This **single source of truth** makes bots easier to maintain, version-control, and test — all without locking you into a specific LLM or backend.

---

## ✨ Why BotMark?

- **One file = one bot** → prompts, schema, and docs stay in sync
- **LLM-agnostic** → works with OpenAI, Claude, local models, or any API
- **Version-friendly** → plain Markdown plays well with Git
- **Executable** → run directly via Python’s `botmark` package
- **Extensible** → add custom tools, topics, and agent graphs

| Feature                        | Description                                                                 |
|-------------------------------|-----------------------------------------------------------------------------|
| ✅ Markdown-based              | Bot definitions live in a structured Markdown format.                       |
| ✅ LLM-agnostic                | Works with any LLM (e.g.

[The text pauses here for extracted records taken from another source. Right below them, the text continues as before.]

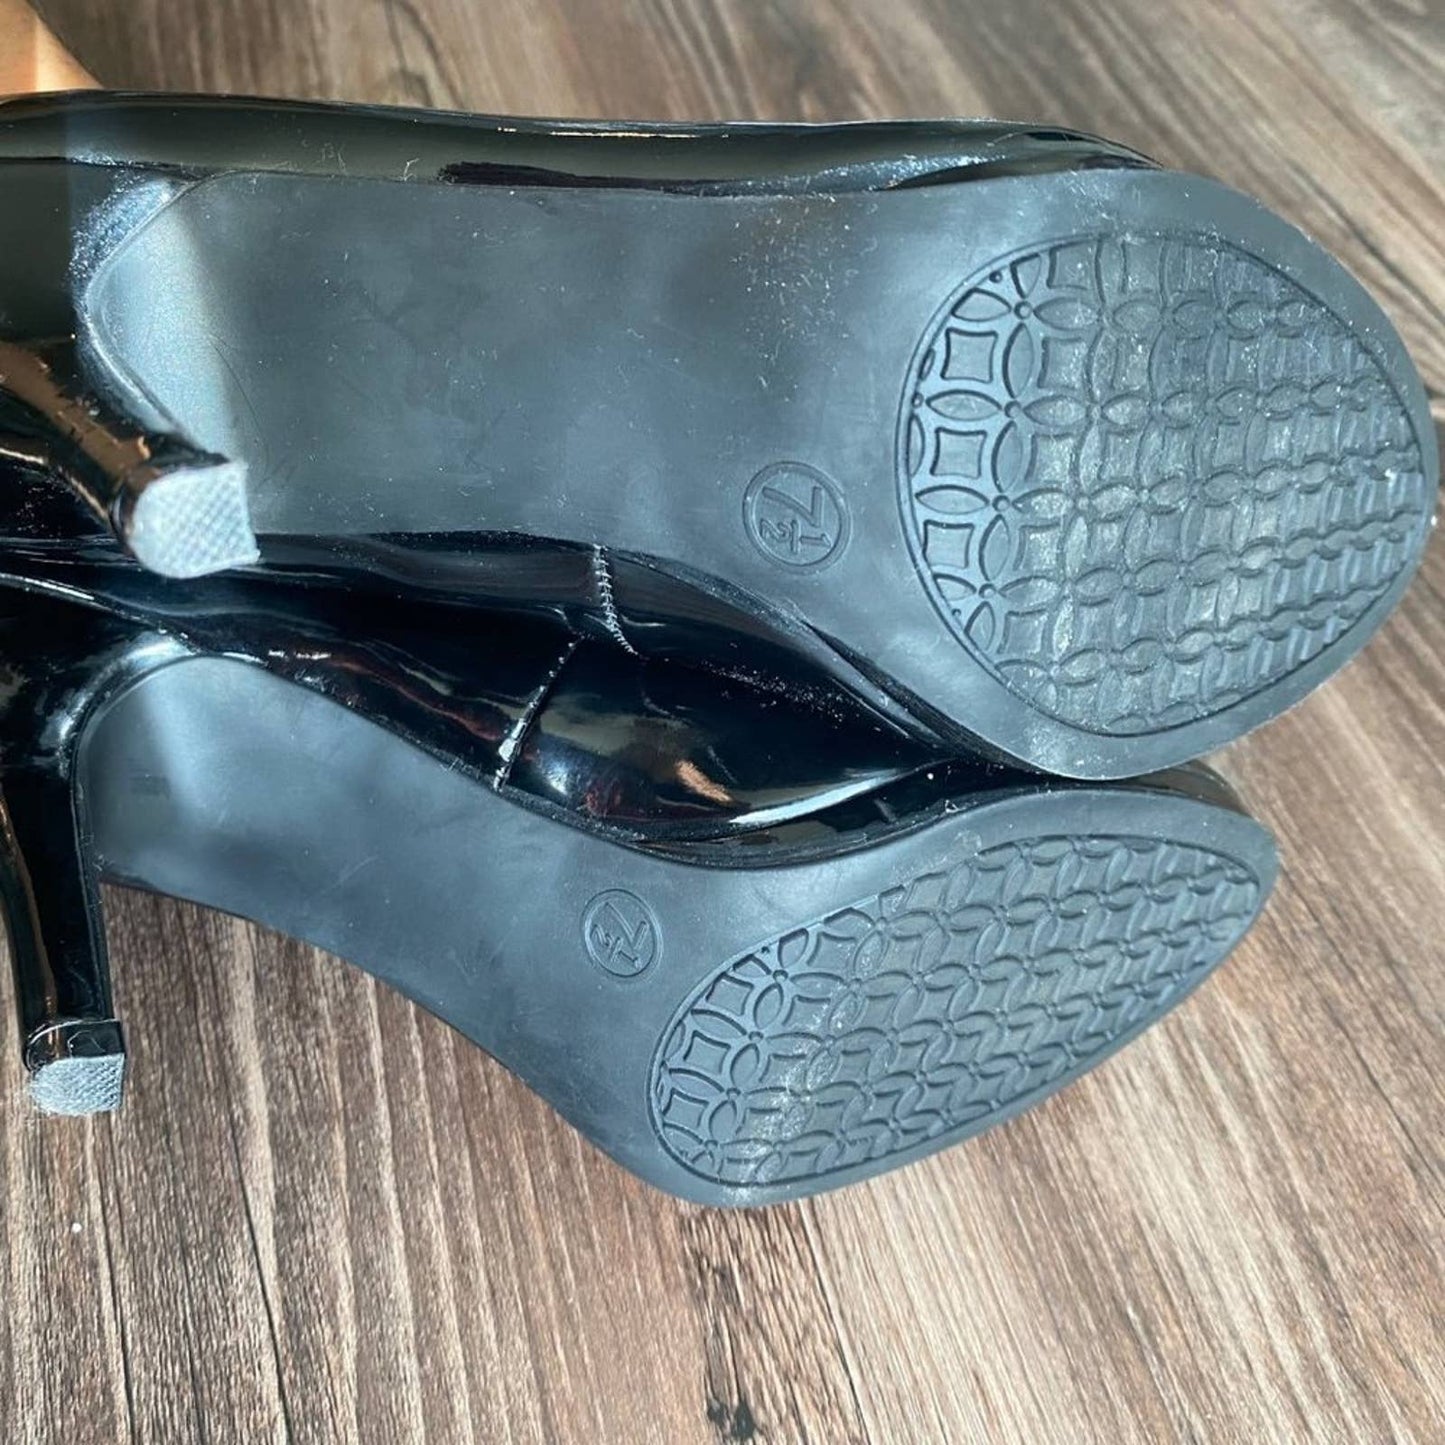 Merona sz 7.5  patton leather pumps 3-inch heels
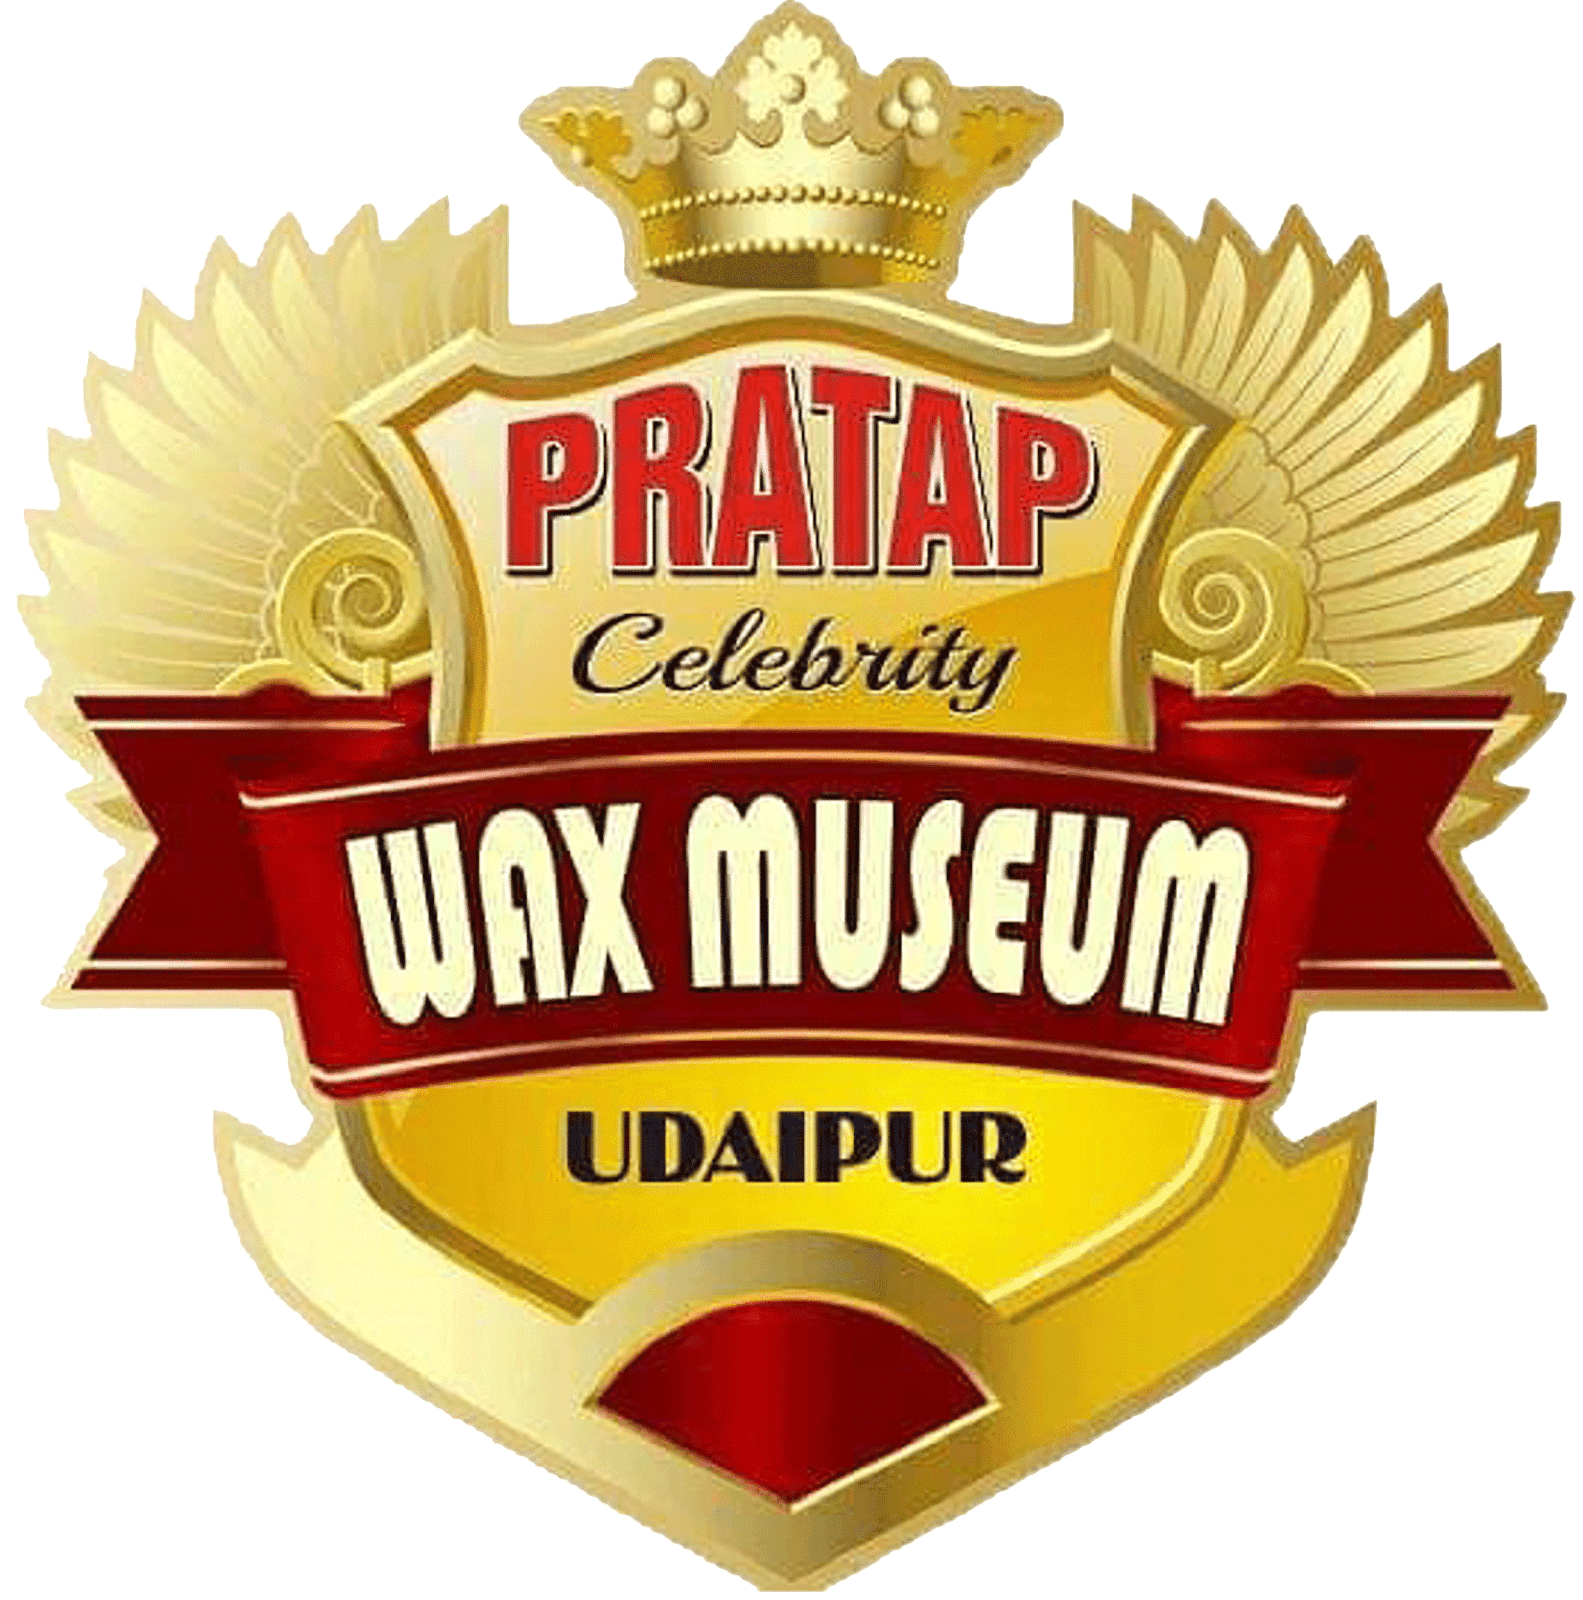 Wax Museum Udaipur
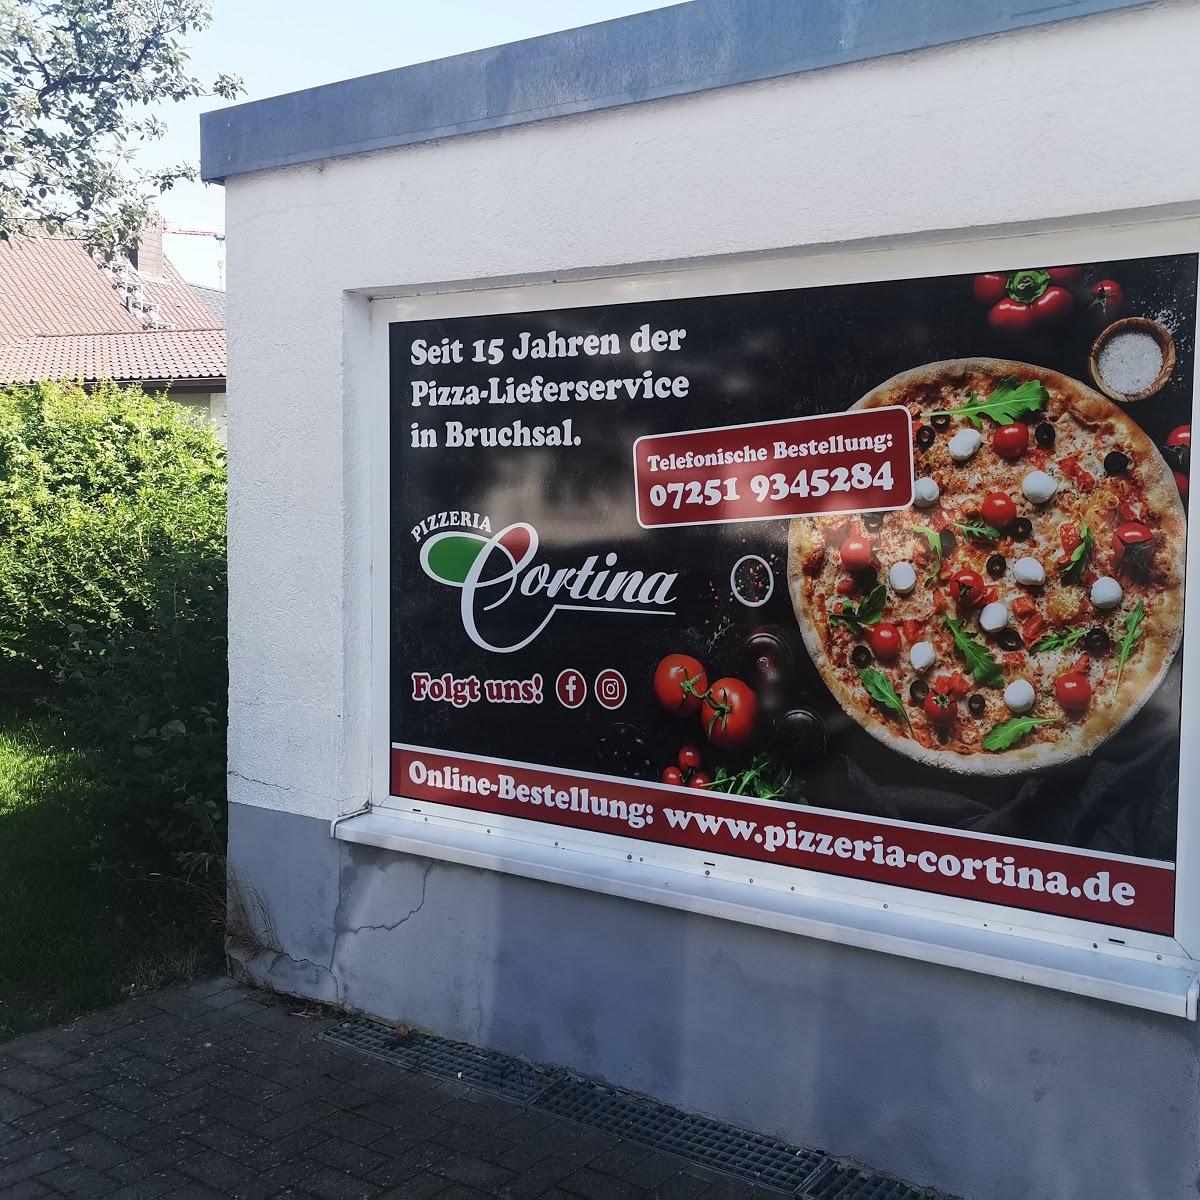 Restaurant "Pizzeria Cortina" in Bruchsal
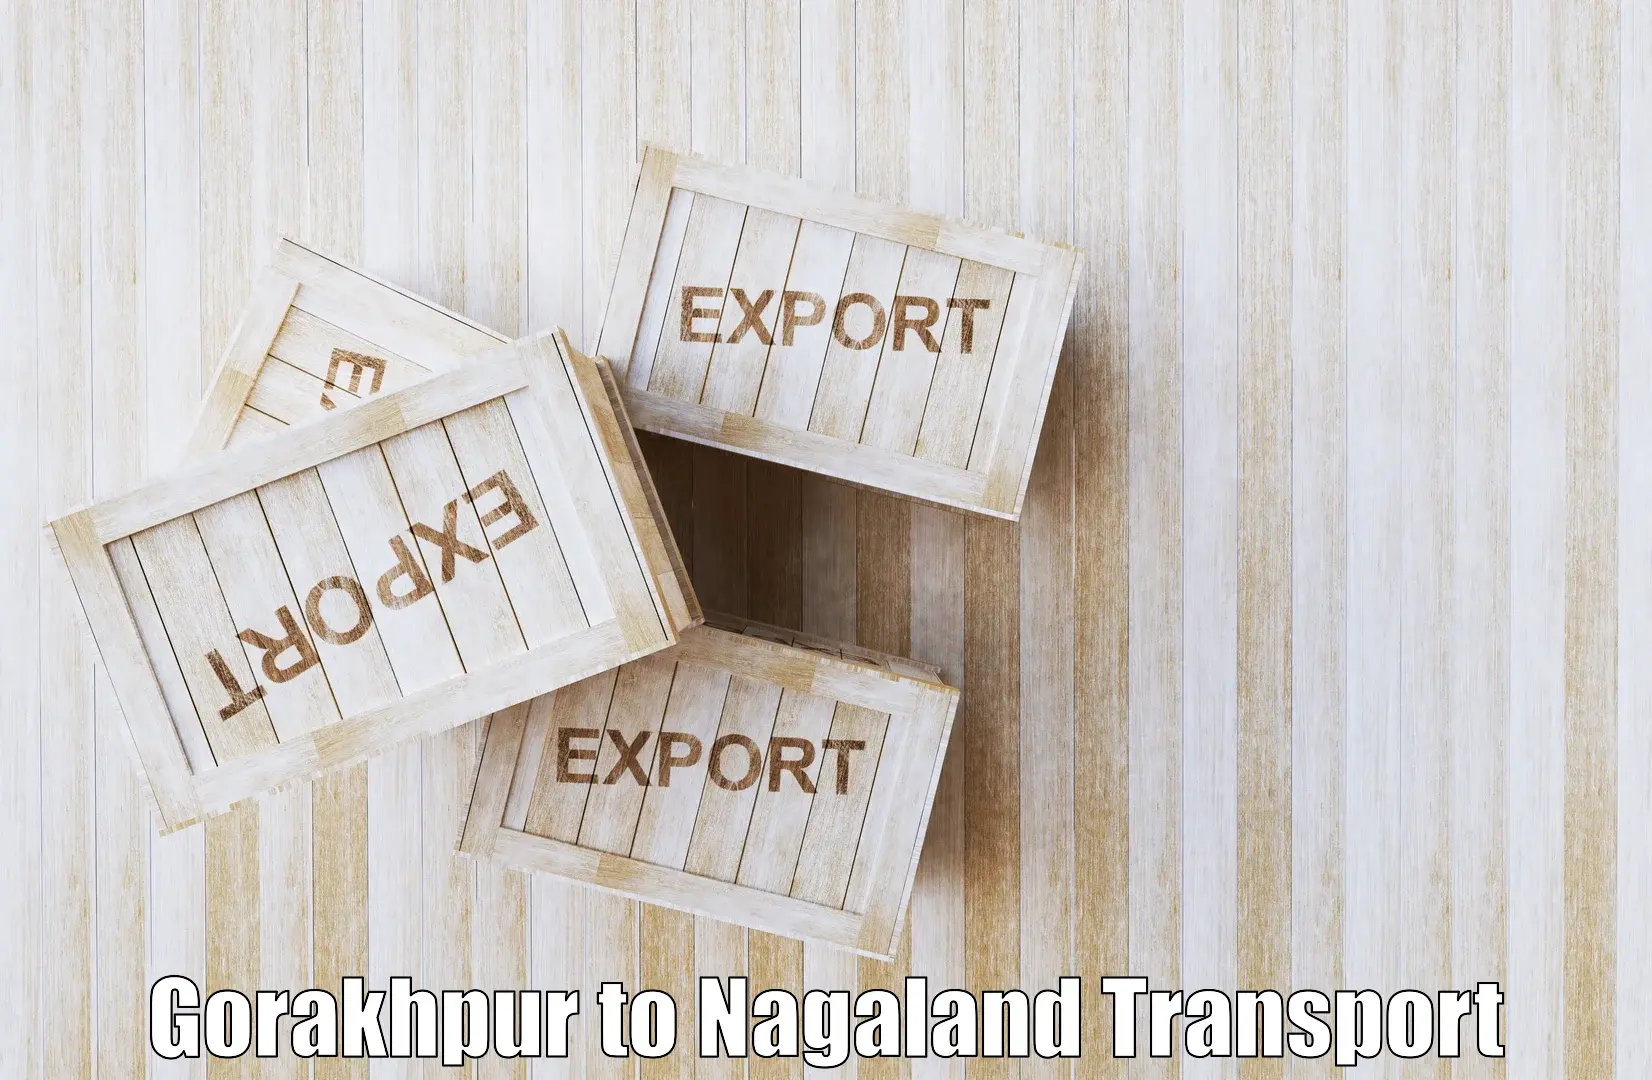 Transport in sharing Gorakhpur to Dimapur

OpenAI, Claude, local models).                     |
| ✅ Executable in Python        | Easily run bots using the `botmark` Python package.                         |
| ✅ Single source of truth      | One file defines bot behavior, schema, and user docs.                       |
| ✅ Multi-bot support           | Load multiple bots via folder-based setup.                                  |
| ✅ Easy export                 | Generate Word, HTML, or PDF docs using Pandoc.                              |

---

## 📦 Installation

BotMark is designed to **integrate cleanly into real development environments**: a lean base install, opt-in provider extras, and predictable, lockfile-friendly dependency resolution.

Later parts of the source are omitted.